Predicting SUMOylation sites in developmental transcription factors of Drosophila melanogaster

  • Authors:
  • Denis C. Bauer;Fabian A. Buske;Timothy L. Bailey;Mikael Bodén

  • Affiliations:
  • Institute for Molecular Bioscience, The University of Queensland, Australia;Institute for Molecular Bioscience, The University of Queensland, Australia;Institute for Molecular Bioscience, The University of Queensland, Australia;Institute for Molecular Bioscience, The University of Queensland, Australia

  • Venue:
  • Neurocomputing
  • Year:
  • 2010

Quantified Score

Hi-index 0.01

Visualization

Abstract

Recent evidence suggests that SUMOylation of proteins plays a keys role in the assembly and dis-assembly of nuclear sub-compartments, as well as gene regulation by reversing the functional role of transcription factors. Determining whether a protein contains a SUMOylation site or not thus provides essential clues about its intra-nuclear spatial association and function.
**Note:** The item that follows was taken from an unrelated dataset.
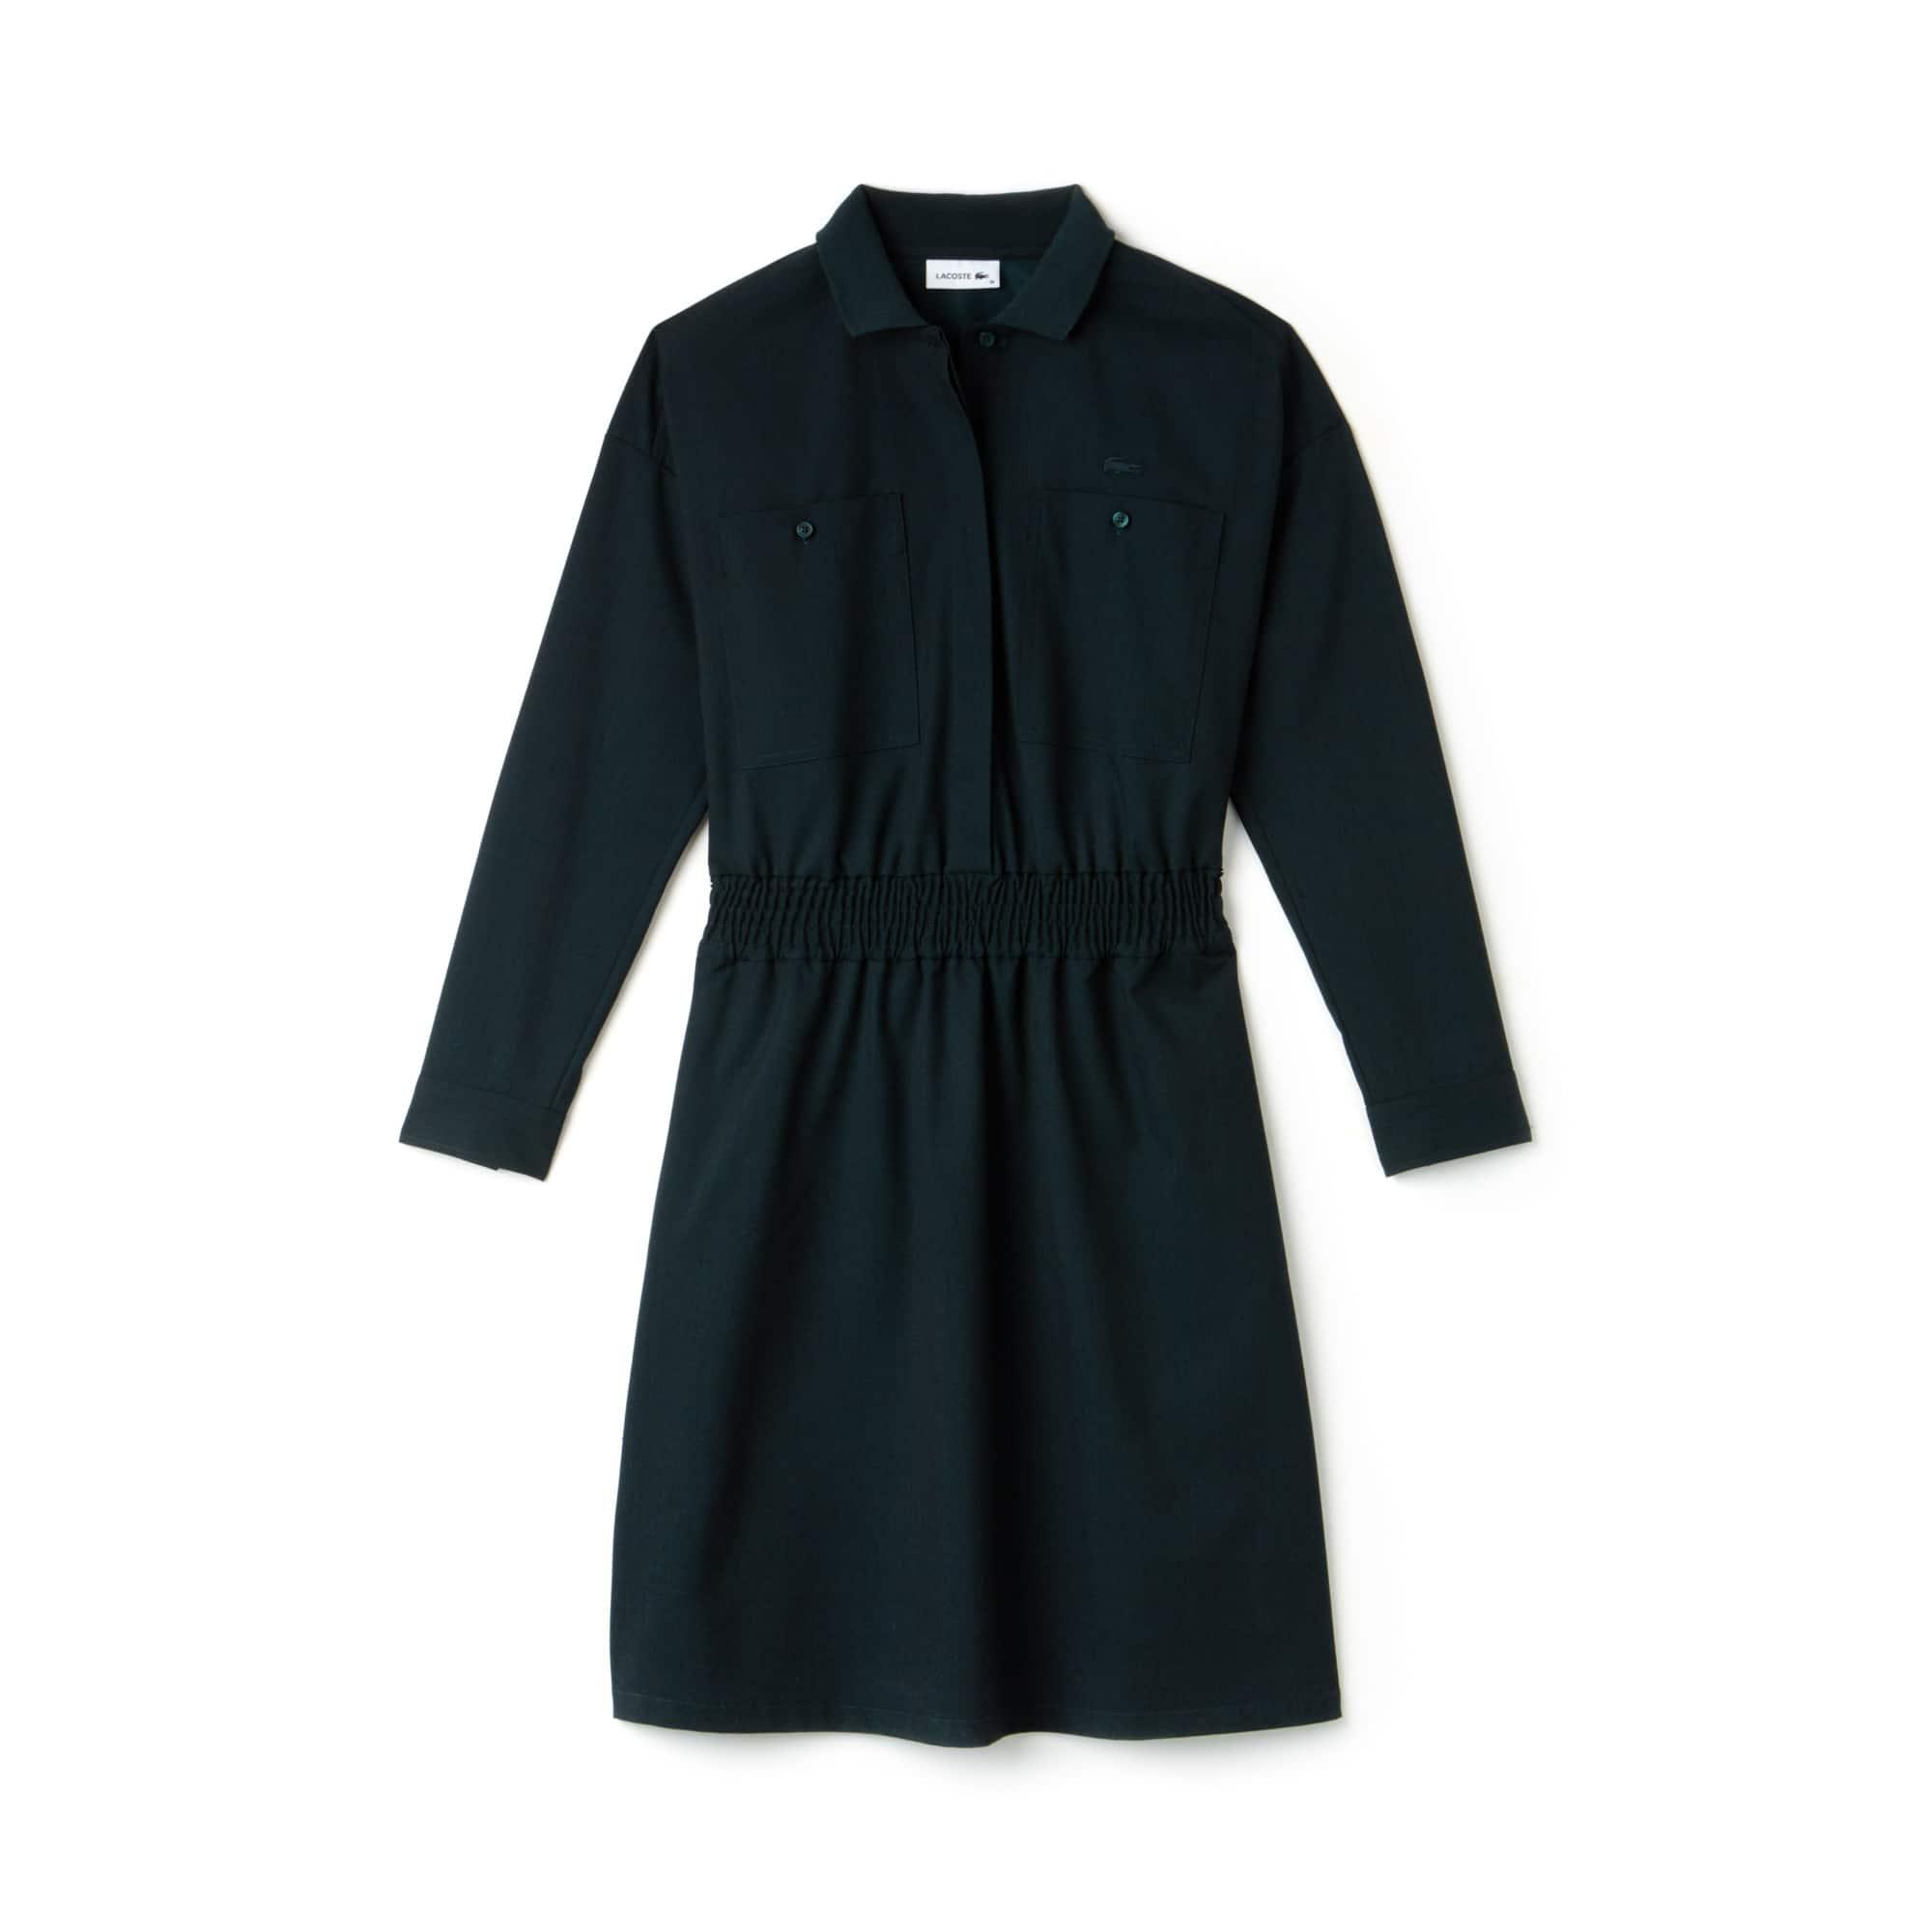 라코스테 Lacoste Womens Chest Pockets Fitted Stretch Wool Knit Polo Dress,ACONIT DARK

We investigate if the SUMOylation site prediction accuracy can be improved by using machine learning methods integrating non-local and (predicted) structural properties (including secondary structure, solvent accessibility and evolutionary profiles). We use a range of properties available from a target protein's amino acid sequence and the support-vector-machine to demonstrate that local sequence features enable best generalization, with structural features having little to no impact. The support-vector-machine model for SUMOylation sites based on the primary protein sequence achieves an area under the ROC of 0.92 using fivefold cross-validation, and 96% accuracy on an independent hold-out test set, which is superior to previously published methods. However, using a simple consensus motif to scan sequence data exhibits equal performance with reduced computational time and no bias towards the chosen training data. We show that the simple consensus motif makes biologically reasonable predictions and use it to identify specific sites that may explain the dual role ascribed to a set of transcription factors in Drosophila melanogaster.